A friend of mine were talking about dragons, and there role in this genre. He claimed, and, after looking, I think I might agree, that at any given challenge rating above about 5, a dragon IF PLAYED INTELLIGENTLY (as they should)

Although actually, they should NOT all be played intelligently.

A CR6 white dragon has an intelligence of 8, and should be played as such. Even a CR15 White dragon only has an intelligence of 15.

The key thing is to play a dragon appropriately for its intelligence.
 

Working from the bottom of the scale up, CR 5 for most dragons is somewhere between Young and Juvenile, with an average int of 12-14. And the poor, poor white dragon bottoming out the scale at int 6. Poor little guys. Anyway.
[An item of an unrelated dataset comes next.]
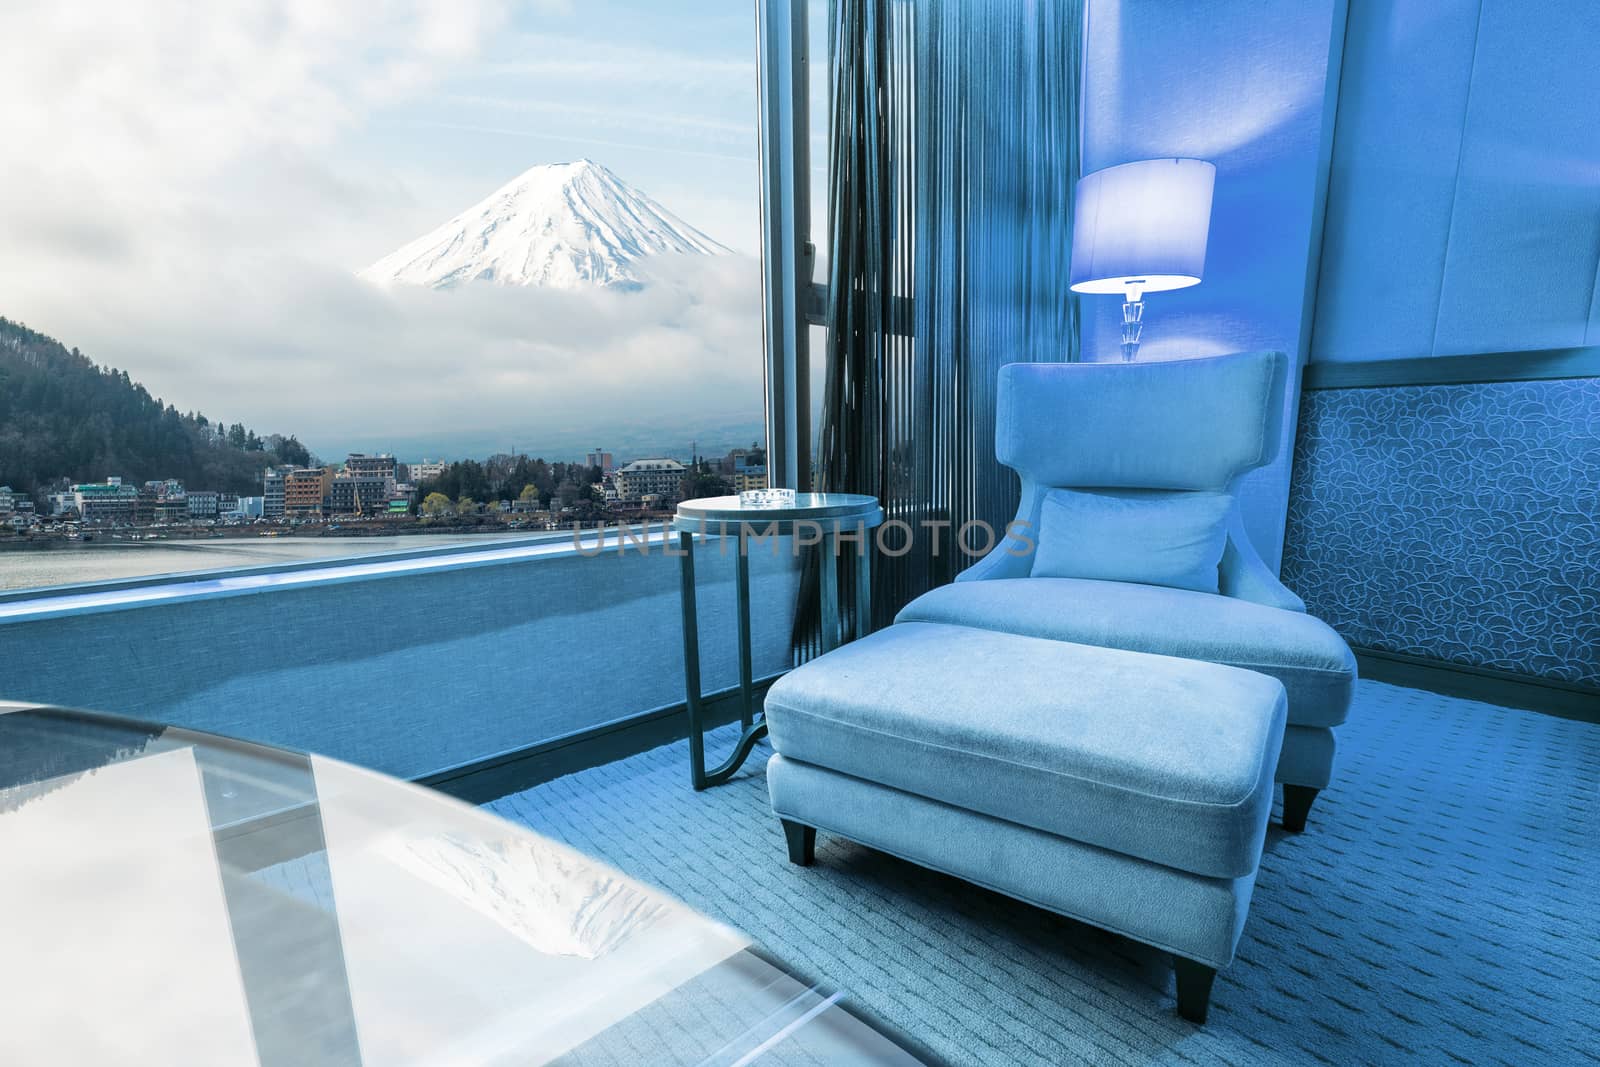 Retouch Sofa in living room in fuji mountain background 
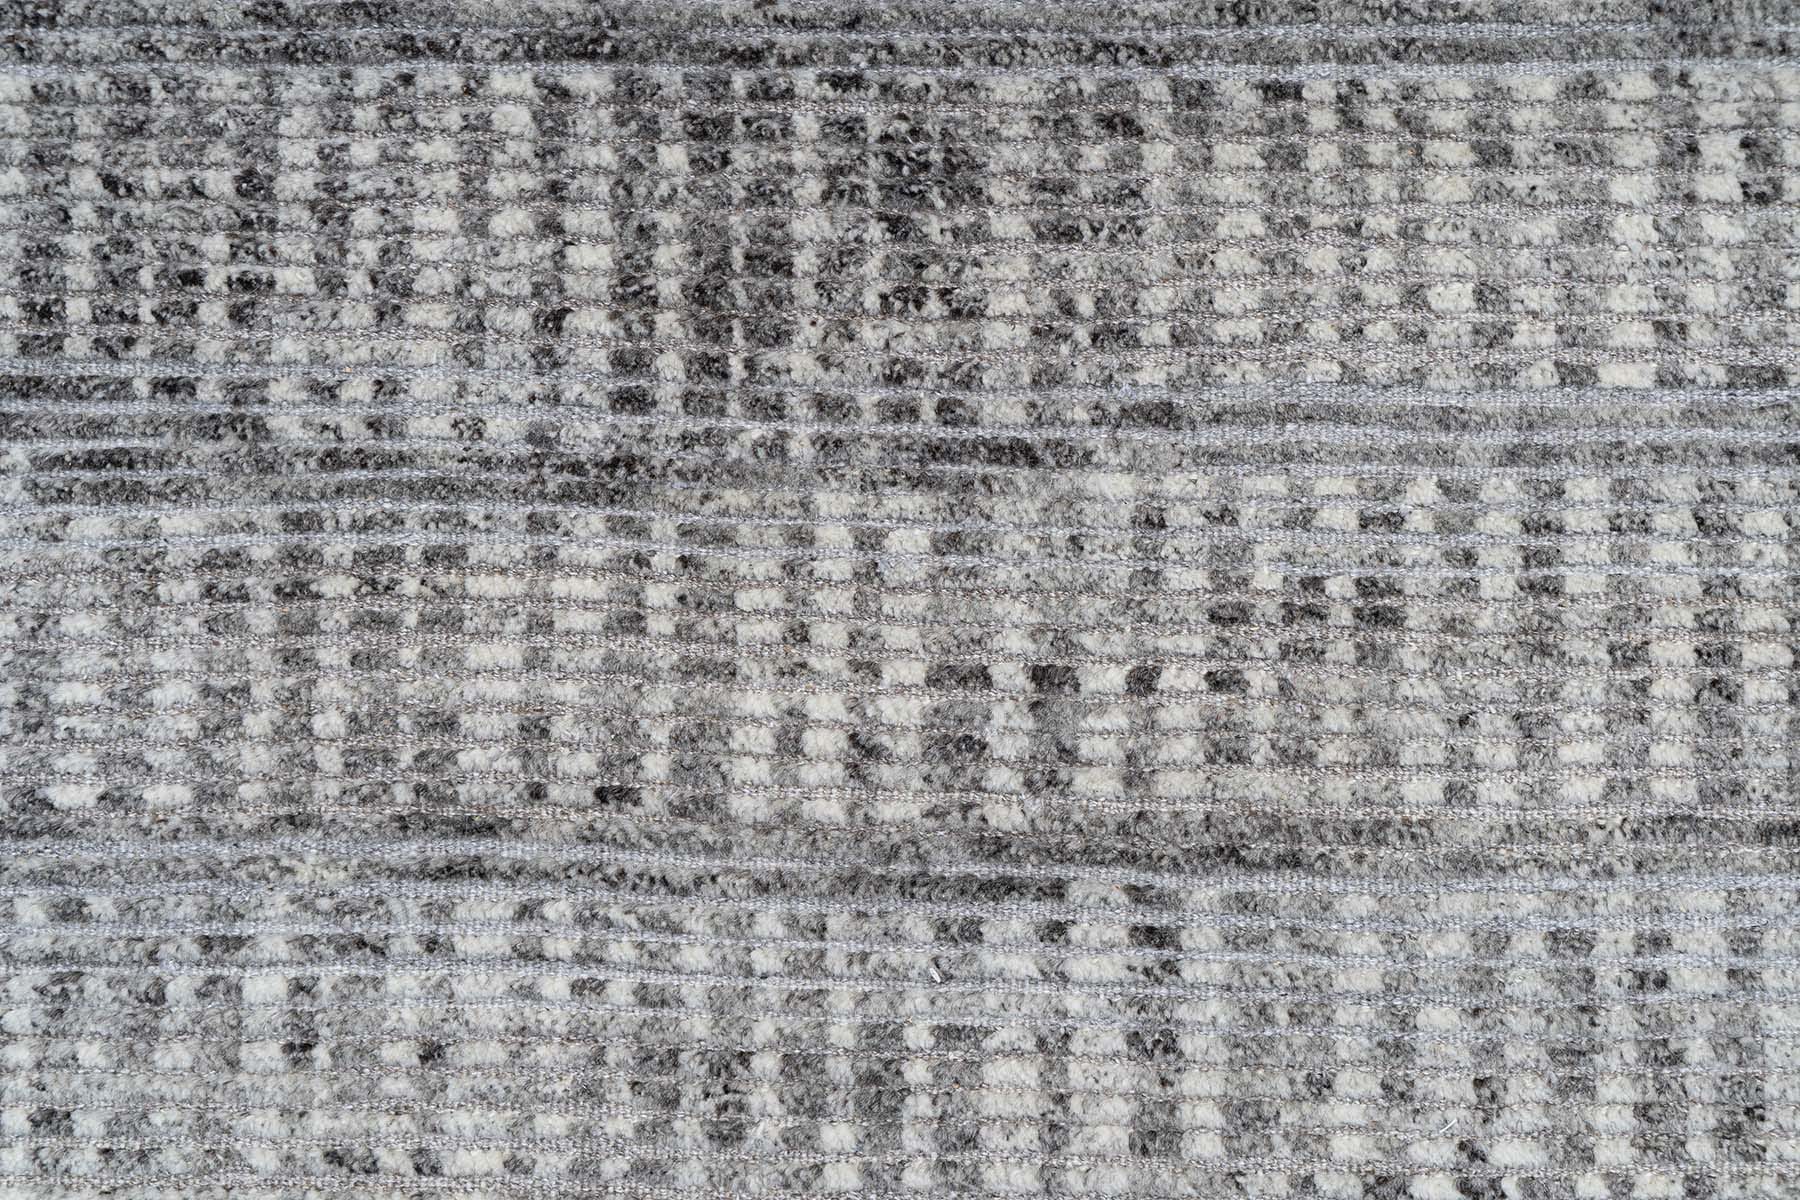 Sybil Hand Knotted Wool Rug

Int 12-14 is bright. Quick, sure, but not can-forsee-all-ends kind of end of the world smart. And always do keep in mind that smart doesn't mean omniscient. The same way it's important to seperate player knowledge from character knowledge, it's just as important to keep dm knowledge and monster knowledge seperate as well.
 

A CR6 white dragon has an intelligence of 8, and should be played as such. Even a CR15 White dragon only has an intelligence of 15.

The key thing is to play a dragon appropriately for its intelligence.

*nod* The one thing the white dragon has going for it, is that its native environment is ever so hostile to most forms of life. Sure they may not be too bright, but it doesn't take too much brain power to grab an opponent, fly off and drop 'em in arctic ocean. Then just breathe on the water some to make themselves a nice ice perch to sit on while the victim drowns and/or freezes to death, pop out that 60' swim move and immunity to cold and retrieve the body.

^_^
 

Dragons played right are tough. A group of about 4th level characters went into the lair of a Black Dragon (I forget what age) and it cast a globe of darkness on the torch. It took us forever to figure out what happened and it did clean the floor with a few of us. We drove it off however . . .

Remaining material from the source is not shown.